Die Internetseite www.awd-aussteiger.de, auf der etwa 1 000 kritische Beiträge über den Finanzdienstleister AWD stehen und die 450 000 mal abgerufen wurde, ist im Januar 2004 zum zweiten Mal abgeschaltet worden. Dabei darf die von ehemaligen Mitarbeitern und Kunden gestaltete Seite wieder ans Netz. Laut Eilurteil des Oberlandesgerichts (OLG) Hamburg vom Dezember 2003 ist die Adresse „AWD-Aussteiger“ nicht wegen Marken- oder Namensmissbrauch zu beanstanden (Az. 3 U 117/03). Das OLG hob deshalb ein vom AWD per einstweiliger Verfügung erwirktes Verbot auf.

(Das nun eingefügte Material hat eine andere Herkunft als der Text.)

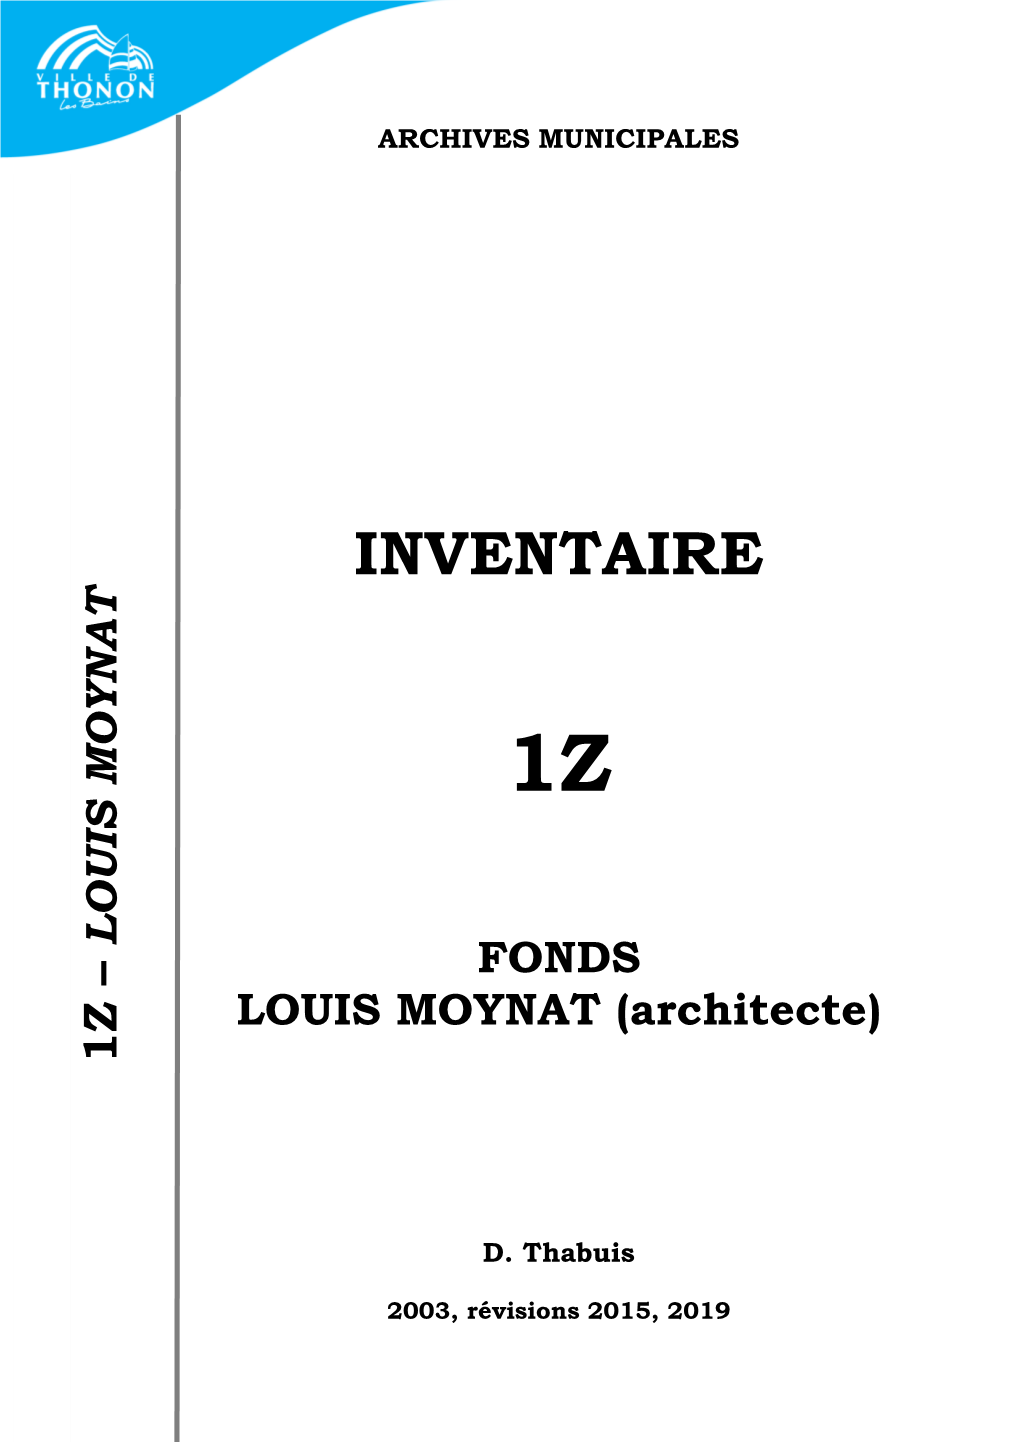 LOUIS MOYNAT LOUIS MOYNAT (Architecte) INVENTAIRE ARCHIVES 2003, Révisions FONDS D
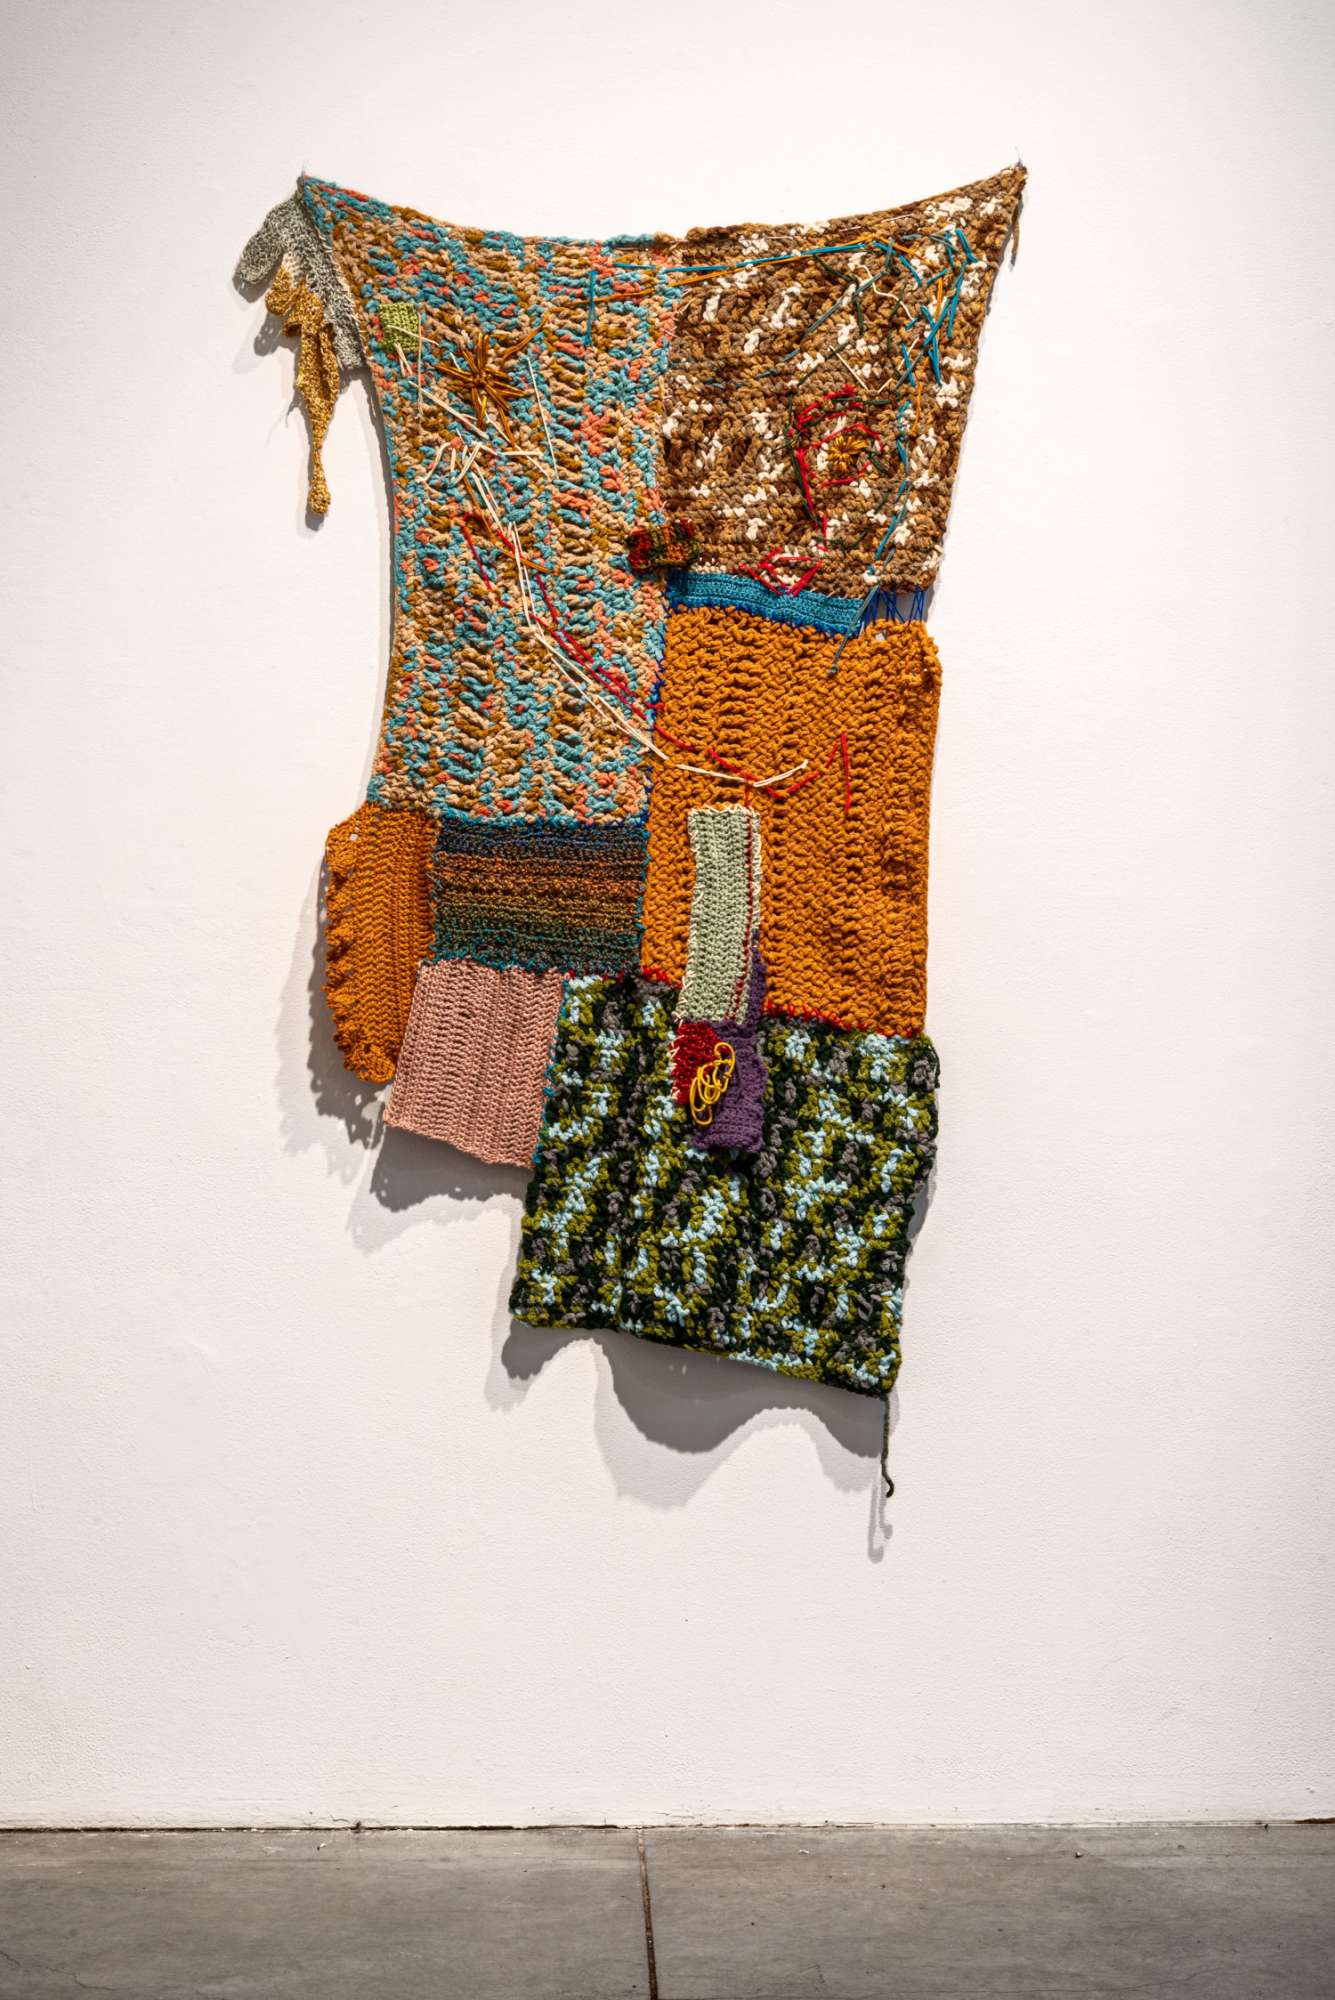 Astrid Li artwork with yarn
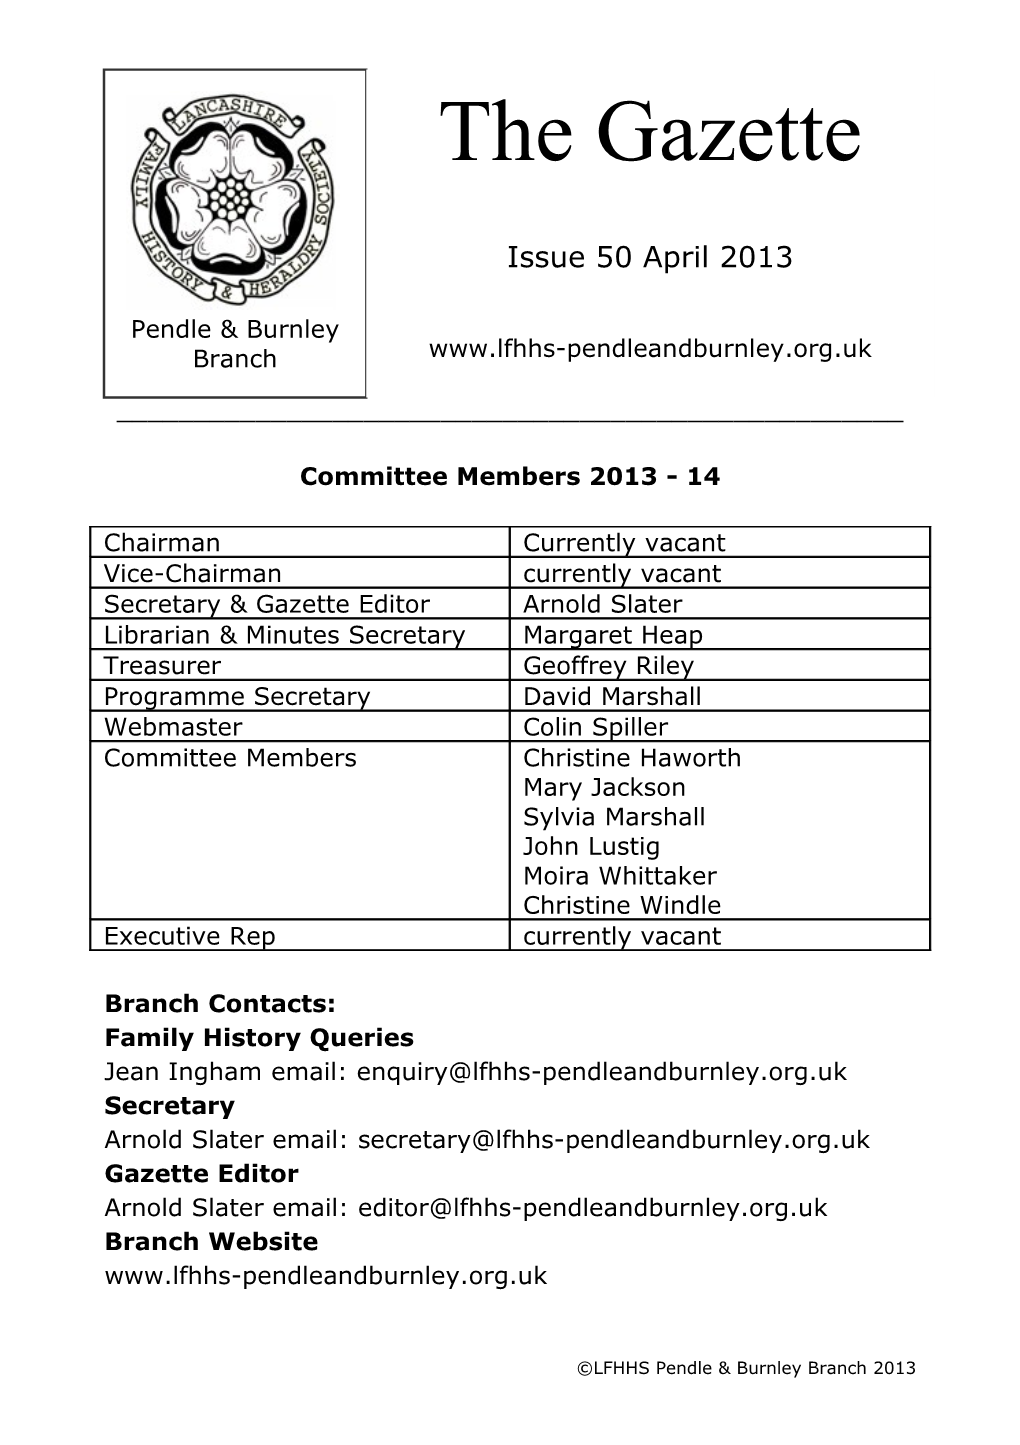 Committee Members 2013 - 14

Trotz dieses Urteils hat der Provider Key Systems die Seite nach nur wenigen Tagen im Netz wieder abgeschaltet. Grund dafür ist ein Schreiben, in dem die Rechtsanwälte des AWD dem Provider rechtliche Schritte androhen, wenn er die Seite nicht umgehend deaktiviere. Zur Begründung heißt es, dass „ein einstweiliges Verfügungsverfahren eben nur eine vorläufige Regelung darstellt“. Im Hauptsacheverfahren, das der AWD jetzt anstrengen wolle, könne anders entschieden werden. Dort würden auch die „rechtswidrigen Inhalte“ gewürdigt.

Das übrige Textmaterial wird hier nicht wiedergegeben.